Open Piotreqsl opened 6 months ago
Zendesk ticket #3076 has been linked to this issue.
This issue has been marked as stale because of no activity in the last 180 days. It will be closed in the next 180 days unless it is tagged "no stalebot" or other activity occurs.
Gloo Edge Product
Enterprise
Gloo Edge Version
v1.19.3
Kubernetes Version
v1.27.8
Describe the bug
We have a problem with gloo gateway-proxy pods during our cluster upgrades.
Our application needs to handle many websocket connections and ensure each of them is served properly. We've implemented custom PreStop hooks in our pods and it works fine during normal upgrades (e.g. changing docker tag) or HPA scaling - Pod waits till last of websocket connection is terminated or till specified timeout.
The problem occurs when we try to upgrade whole cluster (e.g. change type of EC2).
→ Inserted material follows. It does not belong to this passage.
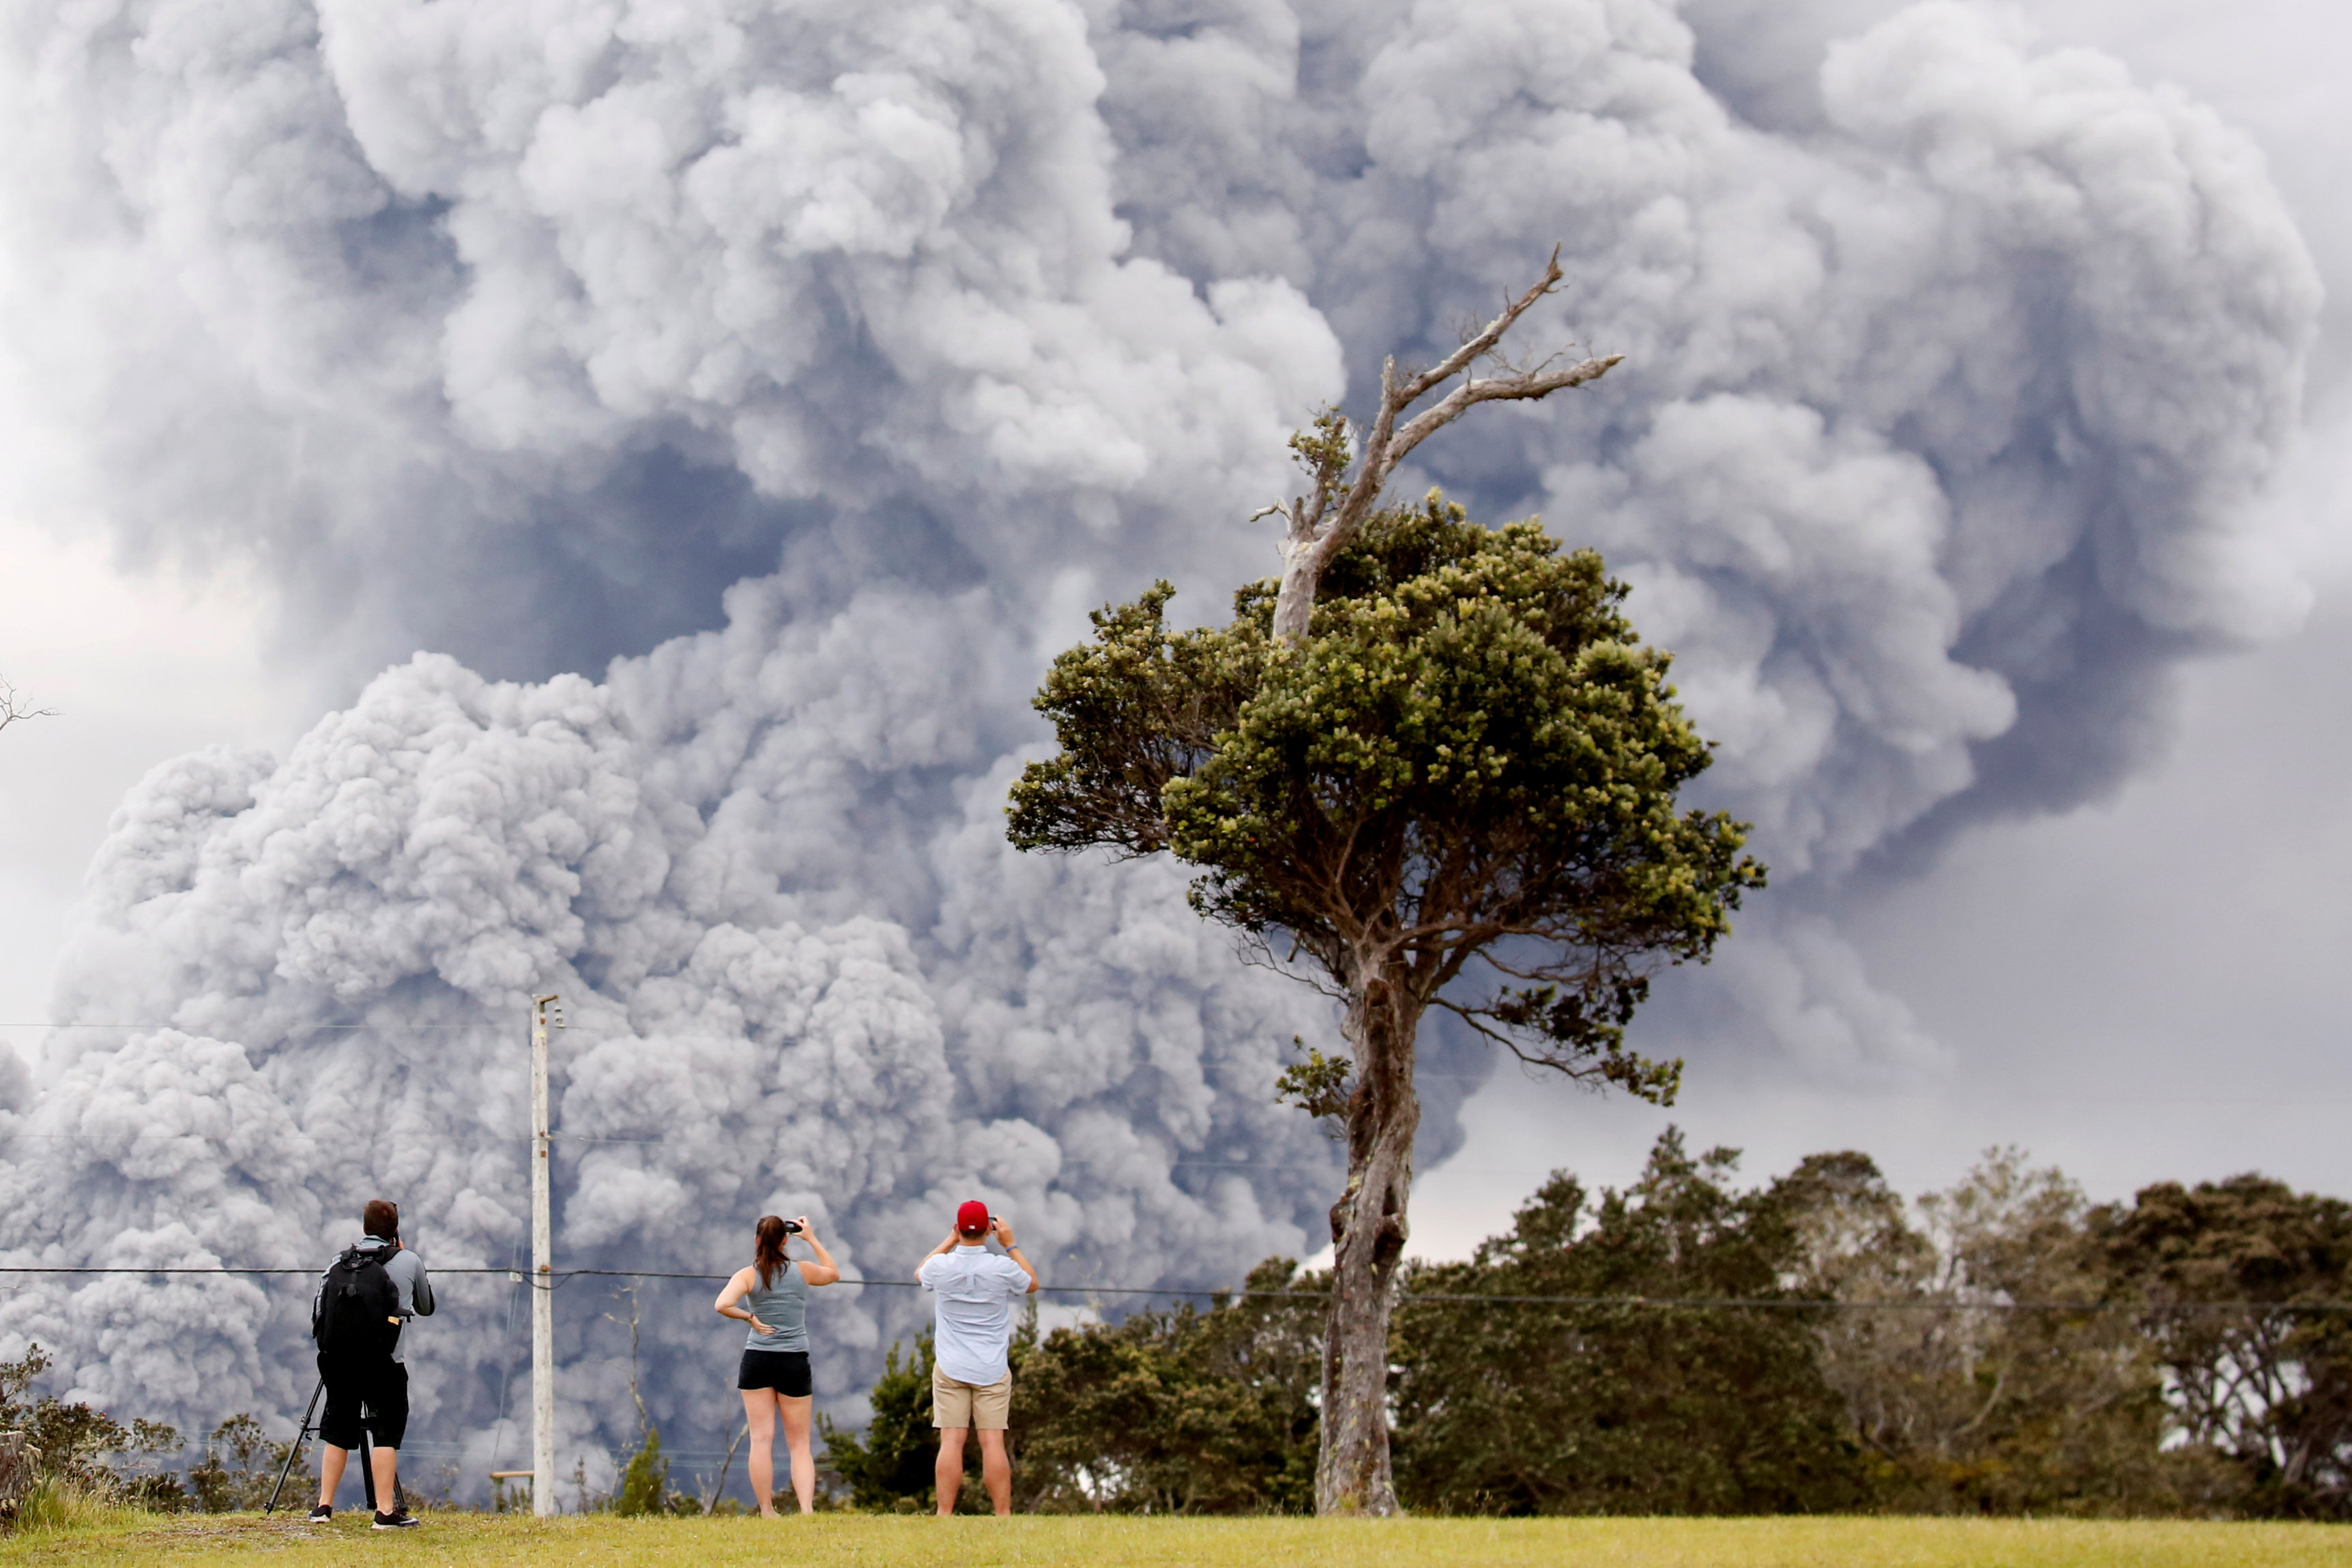 People watch as ash erupts from the Halemaumau crater near the community of Volcano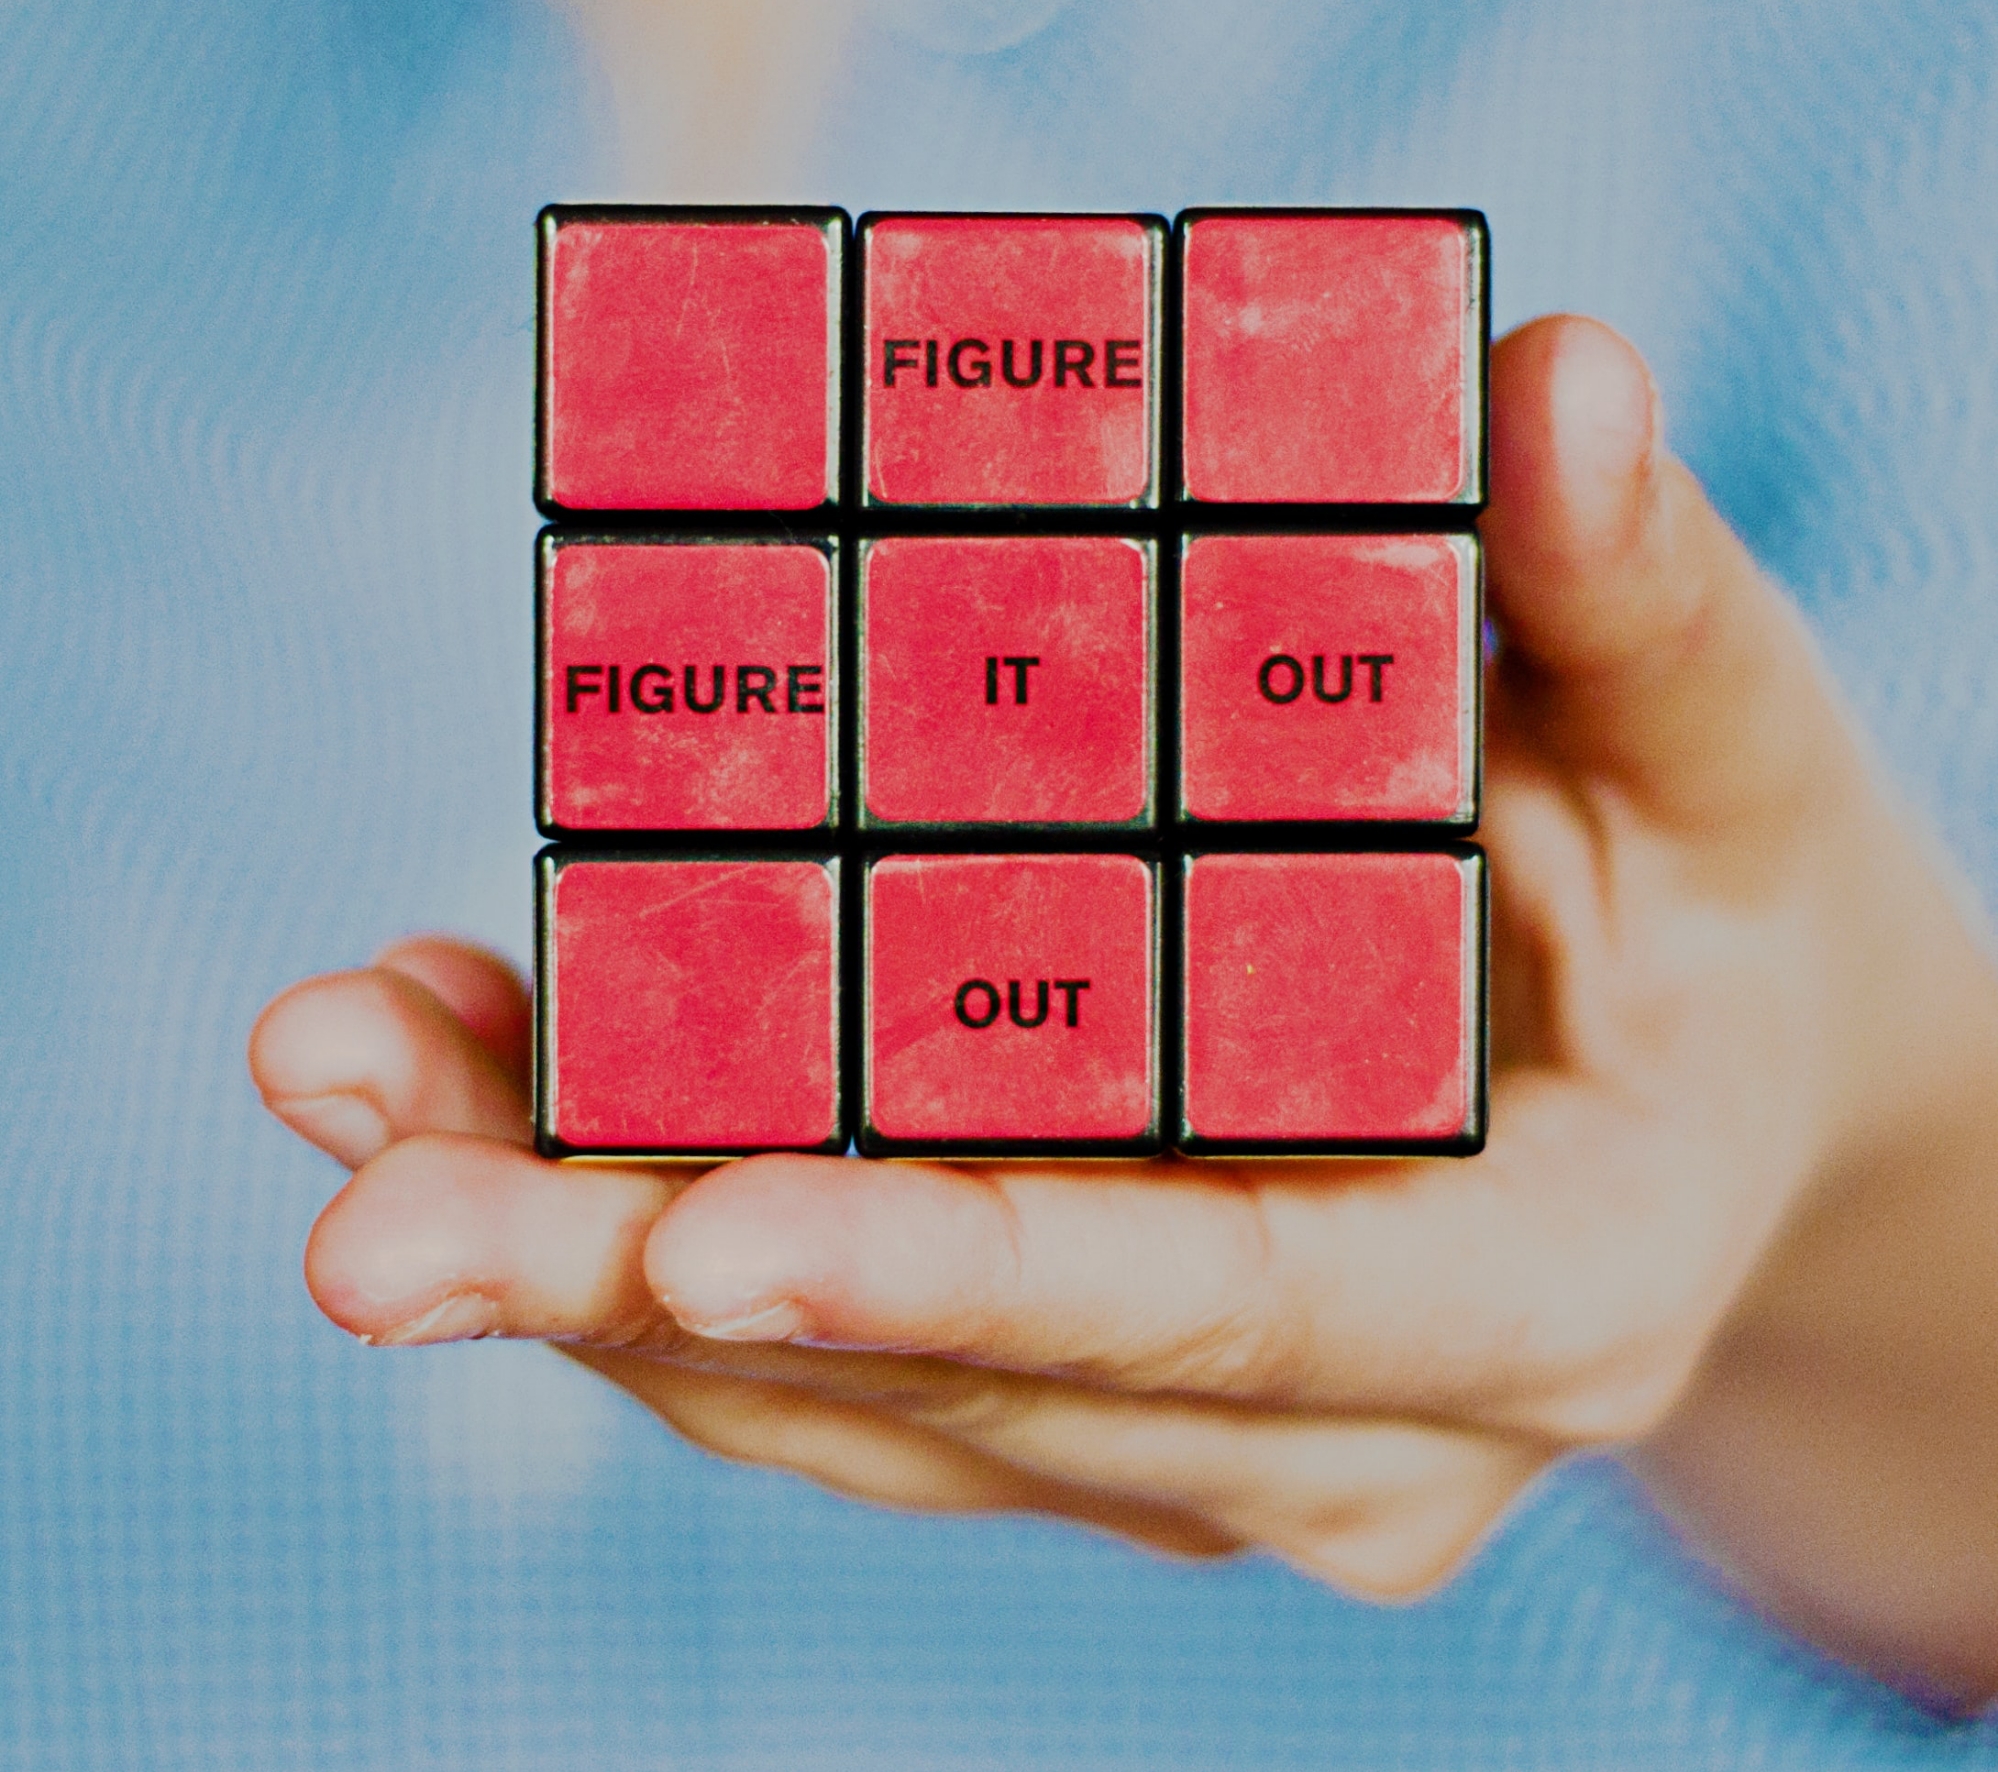 Hand holding a Rubi's cube that says "Figure It Out"

We observed that gateway-proxy pods are being killed during upgrade and because of that - connections to our application pods are being terminated, due to connection loss.
We've read https://docs.solo.io/gloo-edge/latest/operations/advanced/zero-downtime-gateway-rollout/ documentation, that says something about health-checks, but we're not sure how would it help us in keeping long-living connection (our pods are in terminating state)
We'd kindly ask for advices how we can configure gloo gateway-proxy in order not to kill existing connections.
Expected Behavior
Gloo gateway-proxy should wait for last connection to terminate or timeout after specified time.
Steps to reproduce the bug
Additional Environment Detail
No response
Additional Context
No response